The toys will be handed out at Cooranbong Community Hall on Sunday as part of Southlake Marketplace's Christmas event which is open to the community to attend.

It will run 11am to 2pm and will feature jumping castles, petting zoo, pony rides, an AFL kickabout, community stalls and a visit from Santa. Entry is a gold coin donation.

In addition to the toys, on Sunday Southlake Marketplace will give out 312 food hampers to families and residents who have registered for assistance.

Ms Mastello said when Southlake Marketplace first began its Christmas drive in 2013 it gave out 36 toy gifts and 18 food hampers.

"As proud as I am of Southlake Marketplace, it saddens me to sit back and watch the numbers increase ever year," she said.

Ms Mastello added that of those registered to receive food hampers, 14 were homeless people - the "most I've seen", she said.

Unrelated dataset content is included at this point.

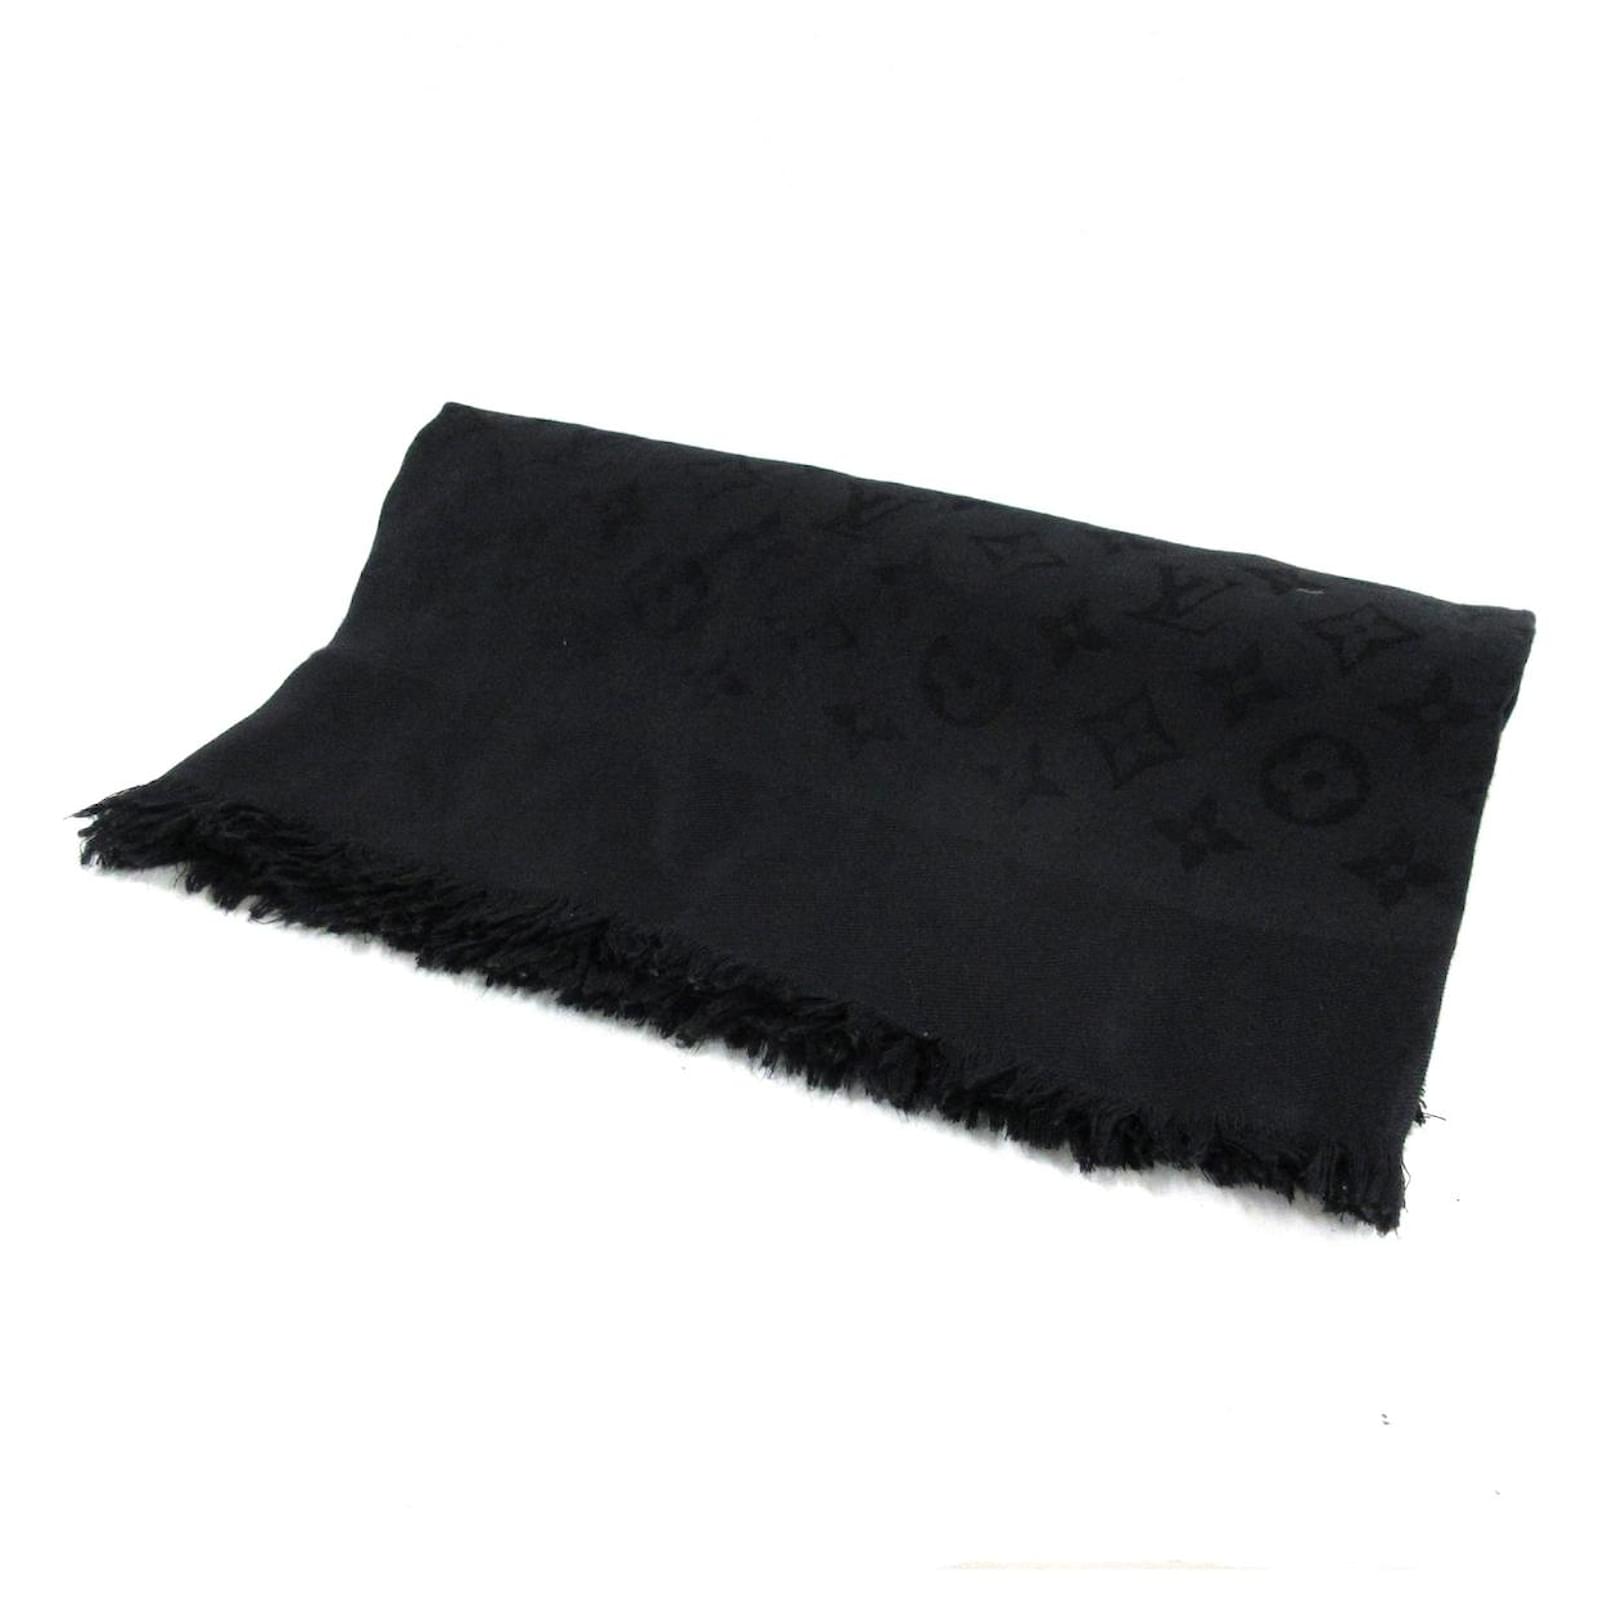 silk louis vuitton scarf black

The food hampers have been created through funds raised by Lake churches including Avondale College Seventh-day Adventist and Gateway Church.

Further speaking to the increasing need for food assistance, Ms Mastello said so far this year Southlake Marketplace had given out 700 emergency food packs.

The emergency packs are filled with food donated by 11 Lake Macquarie schools which are valued at $50 each.